That way you cover dynamic IPs and multiple access points by gradually meshing
them in your database.

There is, of course, the risk that if you have multiple APs each with their
own public IPs but part of the same college campus then this wouldn't work.
But then neither would the current solution either. I don't know how you'd fix
that without inviting APs into a chat (which isn't desirable because that
would mean you'd then want a chat administrator. By which point you're
effectively just reinventing Slack et al). So you'd want some kind of
automatic way of doing that. But I'm not sure how you could do that safely.

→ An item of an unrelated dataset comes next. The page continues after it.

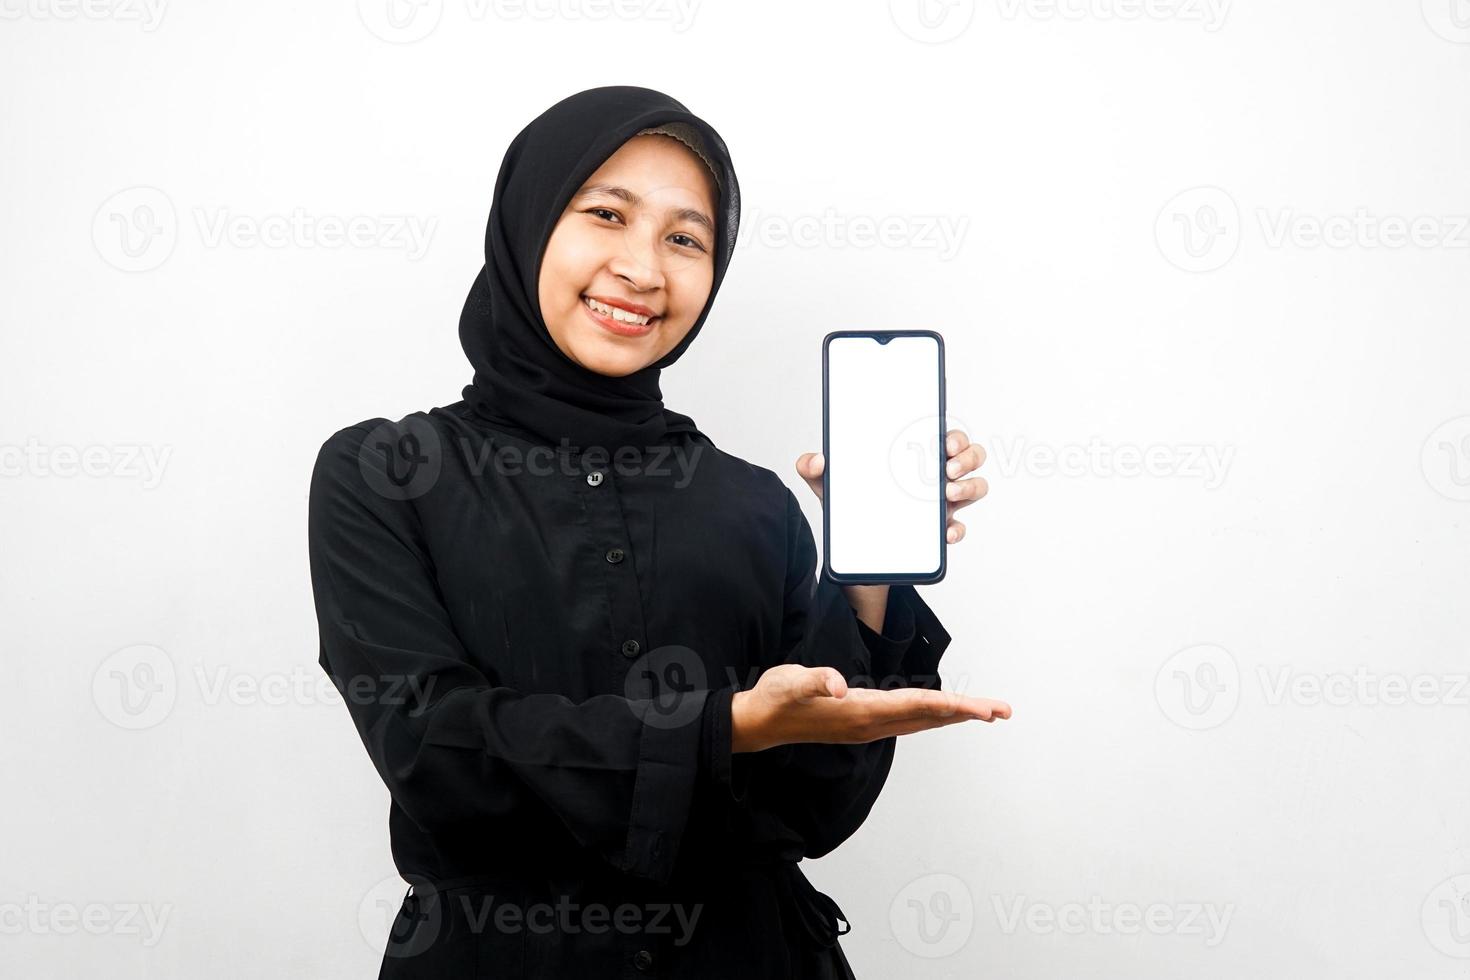 Mooie jonge Aziatische moslimvrouw glimlachend vol vertrouwen en opgewonden met handen met smartphone, app promoten, iets promoten, geïsoleerd op een witte achtergrond, reclame concept foto

Also there is the risk that if each student has their own public IP then you
might also have a situation where there is multiple different chats because
different students created a new _uuid_ on different APs before roaming around
the campus. When that happens you'd need a way of the server identifying that
a public IP has joined a new _uuid_ with an existing but different _ap_mac_
and _ssid_ so the two chats need to be merged.

There's definitely going to be quite a few edge cases that need solving but
it's one of those challenges that looks rather fun.

[edit: the BSSID might also work in place - or in addition to - the access
points MAC address. However there are some caveats you'd need to take into
account with BSSIDs]

------
OkGoDoIt
It feels like this should work over a local network without requiring an
internet connection. Or are you focused on just using SSID as a form of
authentication for chat rooms on the internet? If so, what's to stop me from
setting my router's SSID to something like "AppleCampusInternalWifi" and
getting access to something that might be assumed to be private?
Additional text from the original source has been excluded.